In accordance with a further embodiment of the present invention, there is
provided a coiled tubing assembly for circulating fluid in a wellbore
comprising:
a coiled tubing string, the string having a first end attached to a reel and a
distal
end for lowering into the wellbore;
a cyclic check valve attached proximate to the distal end of the coiled tubing
string, the check valve having a fluid passageway therethrough and a valve
closure
means for preventing fluid flow up through the fluid passageway of the check
valve and
into the coiled tubing string; and
a means for activating the valve closure means.

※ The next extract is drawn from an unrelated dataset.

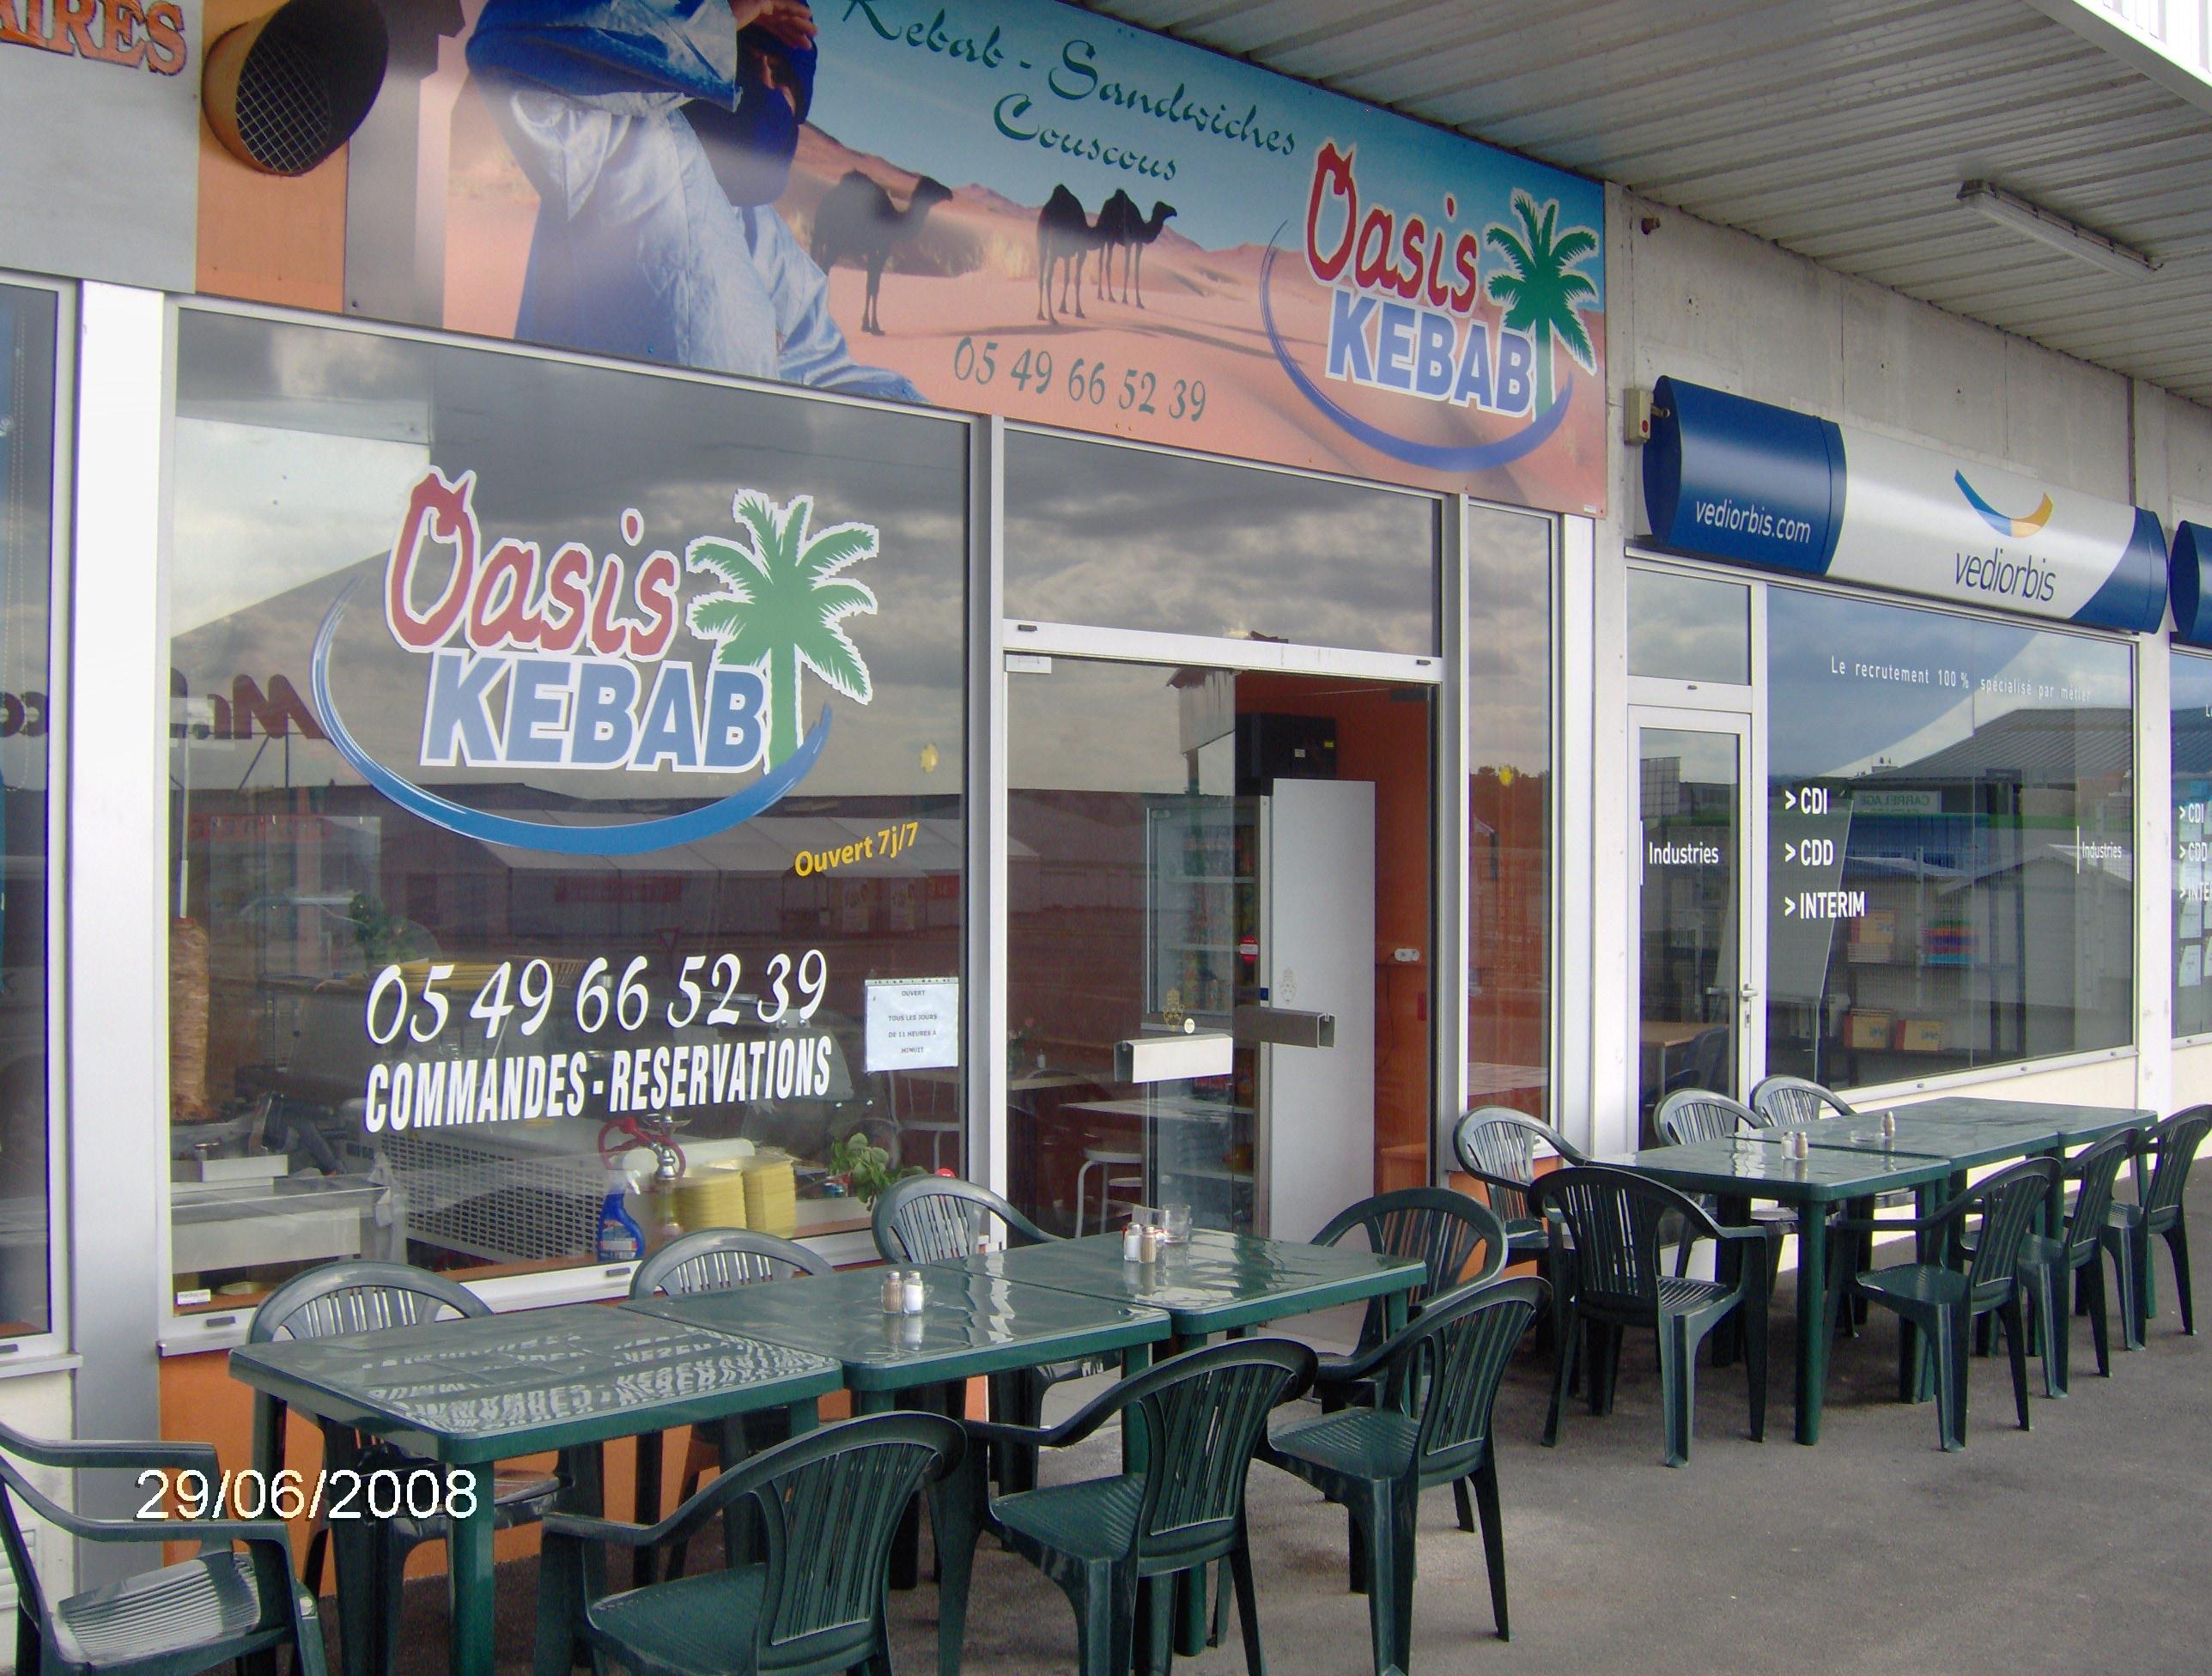 Oasis kebab à Sainte-Verge

The instant invention of an at least partial dual tubing string comprises an
inner
tubing within an outer coiled tubing for at least an upper portion of the
string.
Preferably the inner tubing is equal to or less than 80% of the length of the
outer tubing.
Preferably also the outside diameter of the inner tubing is greater than or
equal to 80%
of the inside diameter of the outer tubing. The inner tubing is sealed against
the outer
tubing at at least a lower portion of the inner tubing.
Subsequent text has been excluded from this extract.